Tajdid dan Tanwir menjadi dua kata kunci (key words) penting dalam kaitannya dengan pandangan keislaman sekaligus dengan upaya mengatur kehidupan dan peradaban masyarakat. Tidak berlebihan untuk berpendapat bahwa Muhammadiyah lebih mementingkan Islam esensial, substansial, liberatif dan transformatif ketimbang Islam festival dan komunal.
Muhammadiyah tidak akan menjadi gumpalan buih tapi benar-benar merupakan gerakan nyata dengan missi keislaman yang sangat jelas sebagaimana yang telah ditunjukkan oleh Rasul Muhammad.Kehadirannya nyata dengan membawa dan menganjurkan corak pemahaman atau pandangan keislaman yang terbebaskan dari pengaruh satu madzhab tertentu.
Kedua, kehidupan berbangsa dan bernegara yang dalam waktu-waktu belakangan ini sering diganggu atau dirusuhi oleh ideologi radikal kiri dan kanan, oleh persekongkolan kekuatan dalam dan luar negeri yang mengeruk kekayaan Indonesia.
Kekuatan- kekuatan ini juga yang secara sistemik menginjak martabat dan kedaulatan masyarakat, hukum dan negara dan yang telah dengan tangan dingin menciptakan ketidak adilan, kesengsaraan umum serta ketidak tentraman dan konflik horizontal. Realitas ini rentan bisa menjadi bubuk penyubur bagi gerakan-gerakan yang merongrong dan merusak NKRI dan falsafah bangsa kita, Pancasila.
Tidak sedikit kasus bukti, misalnya, kemiskinan menjadi faktor pendorong tindakan-tindakan kekerasan/kejahatan bahkan termasuk extra ordinary crime dengan mengeksploitasi kesucian agama.

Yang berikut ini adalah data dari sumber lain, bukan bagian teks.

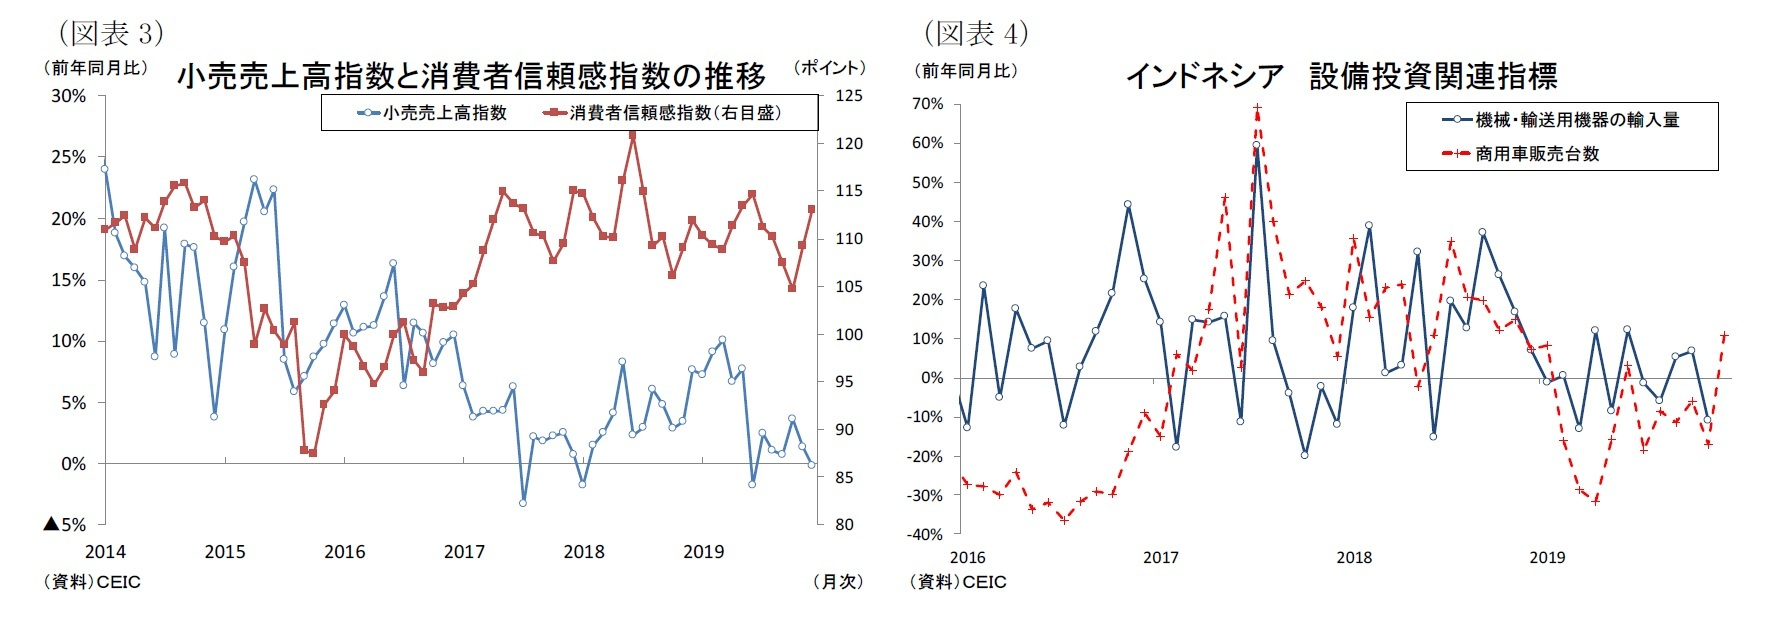 (図表3)小売売上高指数と消費者信頼感指数の推移/(図表4)インドネシア設備投資関連指標

Indonesia yang setelah dalam waktu sangat panjang diperjuangkan, dibela-bela menjadi bangsa dan negara yang merdeka dan berdaulat secara militer dan politik dan menyepakati Pancasila sebagai pandangan hidup atau falsafah bangsa, haruslah dirawat dengan sepenuh hati. Perjuangan yang sangat panjang ini tentulah sangat mahal karena begitu banyak dan besarnya pengorbanan yang telah diberikan.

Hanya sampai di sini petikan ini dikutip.